We walked through the front door of our house after 9:00pm Tuesday night. My first thought was to begin tackling the laundry - both the clothes that needed to be washed and the clean clothes waiting to be folded. I hung my coat up in the closet and then started the short trek to the laundry room.

My husband caught me, already dressed in his sweatpants and ready for bed. He put his arm around my waist and told me that I looked smaller, that he noticed the hard work I've put into watching what I ate for the last week and ensuring that I spend time in the gym.

I needed that. More than I even knew I needed it.

We talked about our Love Languages last night at dinner as a couple. It's easy to name my love language or my husband's love language, but it's hard to put it into action and actually love each other with that language.

One of my love languages is words of affirmation. I want to know that the dinner I cooked tasted good. I want to know that the effort, however much or little, I put into the house is appreciated. I want to know that, when I spend time putting on make-up and straightening my hair, I look pretty.

Hearing him say that I looked smaller spoke so clearly to me and to my heart. Because today has been tough. I'm hungry - so very hungry - but I can't bring myself to eat more lean meat, more vegetables.

Phase One of the South Beach Diet allows for me to eat as much lean protein as I want. There's a lot of freedom in knowing that I can eat as much of certain items, but after a week, I'm tired of eating chicken and fish without any sort of carbohydrate. I miss macaroni and cheese. And I miss ice cream.

But I know this struggle is worth it. Hearing my husband tell me, without any sort of prompting and in the midst of my thinking about all the things I needed to get done around the husband, that my hard work was noticed solidified the knowledge that the struggle and the hunger, because I am hungry most of the time, and the dislike of eggs (which I eat every morning), is more than worth it.

I haven't eaten perfectly over the past week. Friday night, we had dinner with friends, and I ordered a cup of the chicken chili. There was corn in the chili, but I still ate it. I also ate two (large) bites of a chocolate croissant on Friday night. And I've added creamer into my coffee each day I've had coffee.

But I've also had success. I said no to bread at Outback Steakhouse on Saturday night and ate a healthy salad and a lean steak for dinner. On Monday, when we met with friends for lunch, I took the croutons out of the crab bisque and all the apples off the chicken salad I ordered.

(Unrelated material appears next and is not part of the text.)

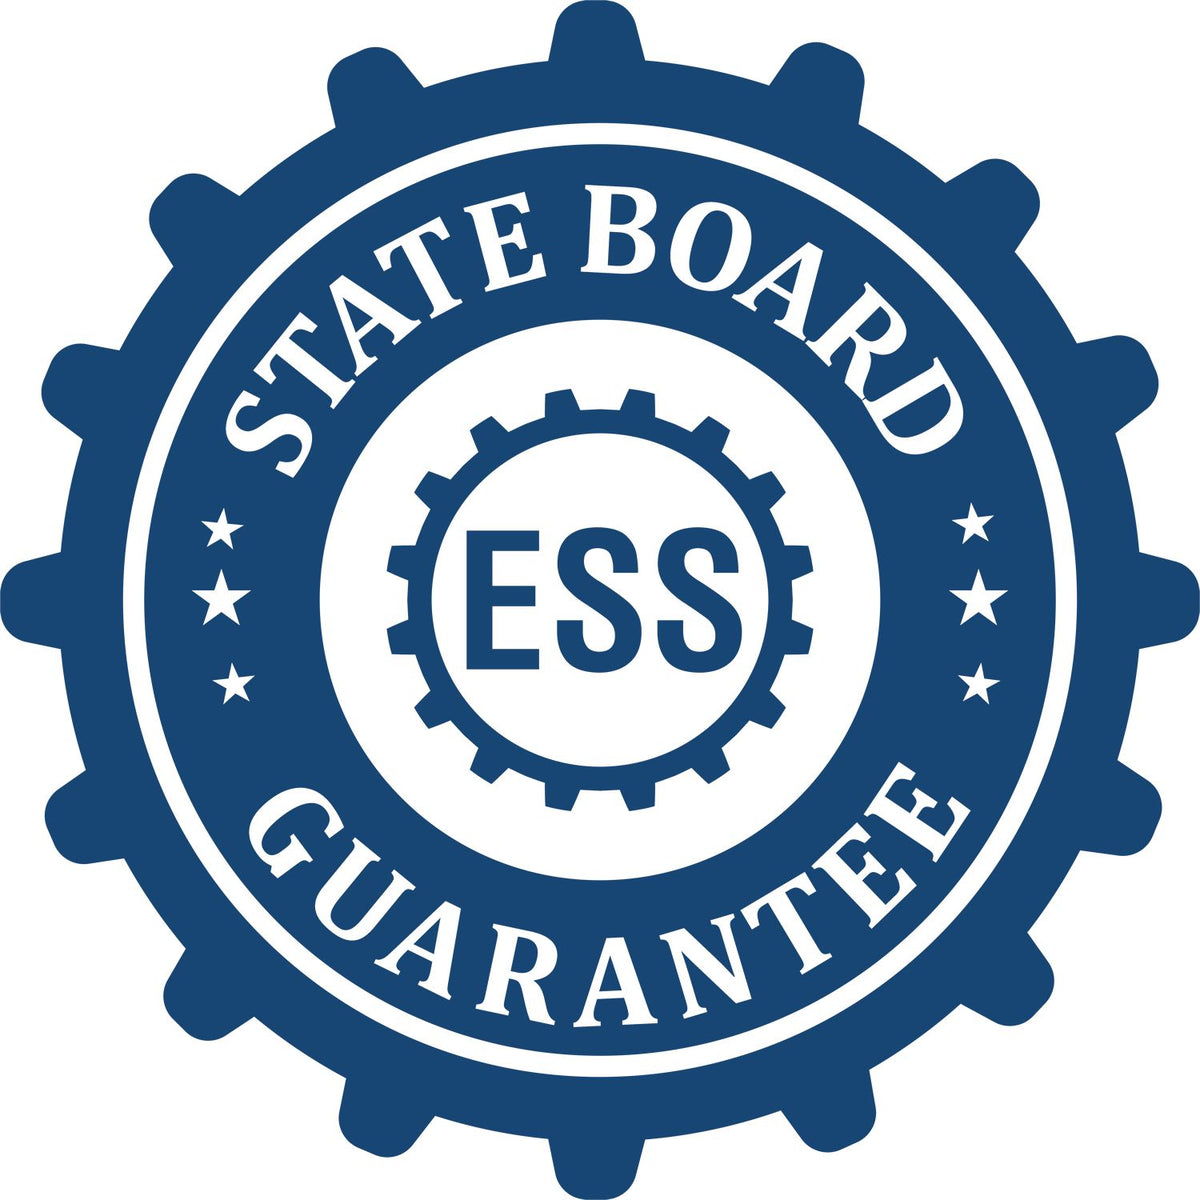 An emblem in a gear shape illustrating a state board guarantee for the State of Maryland Extended Long Reach Engineer Seal product.

The thought of starting any healthy eating program is overwhelming. Because it changes everything. It doesn't change how you eat; it changes how you look at food. In the past, I wanted to enjoy food; I saw it as something to do with friends. I looked at food as a way to handle life. If I had a bad day, I ate to feel better. If I had a good day, I ate to celebrate.

Now I eat to survive. I eat the food that will fuel my body, and for me, a diet of more lean protein does just that. It is imperitive, for anyone wanting to be healthier and lose weight, to find a program that works for you. And there are numerous programs to choose from.

A friend of mine posted a link on Pinterest to a website that discusses different body types and how those body types impact a person's weight loss. Reading through the website showed me that the South Beach Diet works for me because it's something I can stick with and because, according to the site, it fuels my body with what I need to be healthy and get to a healthy weight.

Knowing that, I can't say I haven't thought about other eating plans like Weight Watchers. I even tried it in high school, and it did work for me. I can't say I also haven't thought about plans like NutriSystem, but I've never tried it because it would be far too easy for me to go back into an unhealthy eating pattern as I wouldn't have learned how to eat - I would have just eaten the food delivered to my house.

But I didn't chose either of those plans. I chose the South Beach Diet - again. I chose the plan that would help me to bid farewell to the carbohydrates and sugars. I chose the plan that is retraining me on how much food actually makes me full. I chose the plan that allows me to eat as much as I want, of certain foods, but is helping me to know that I don't really need to eat as much as I thought I did.

Phase One of the South Beach Diet is hard. It's no fun to not eat bread and to not eat sugars. But I'm more afraid of the upcoming phases. I'm afraid because I know that last time I did not do well reintroducing sugars and complex carbs. Last time, I jumped right into those foods and honestly forgot the knowledge I gained from Phase One. I chose whole wheat pasta over white pasta when I could but I ate more of those complex carbs than I really needed to fuel my body.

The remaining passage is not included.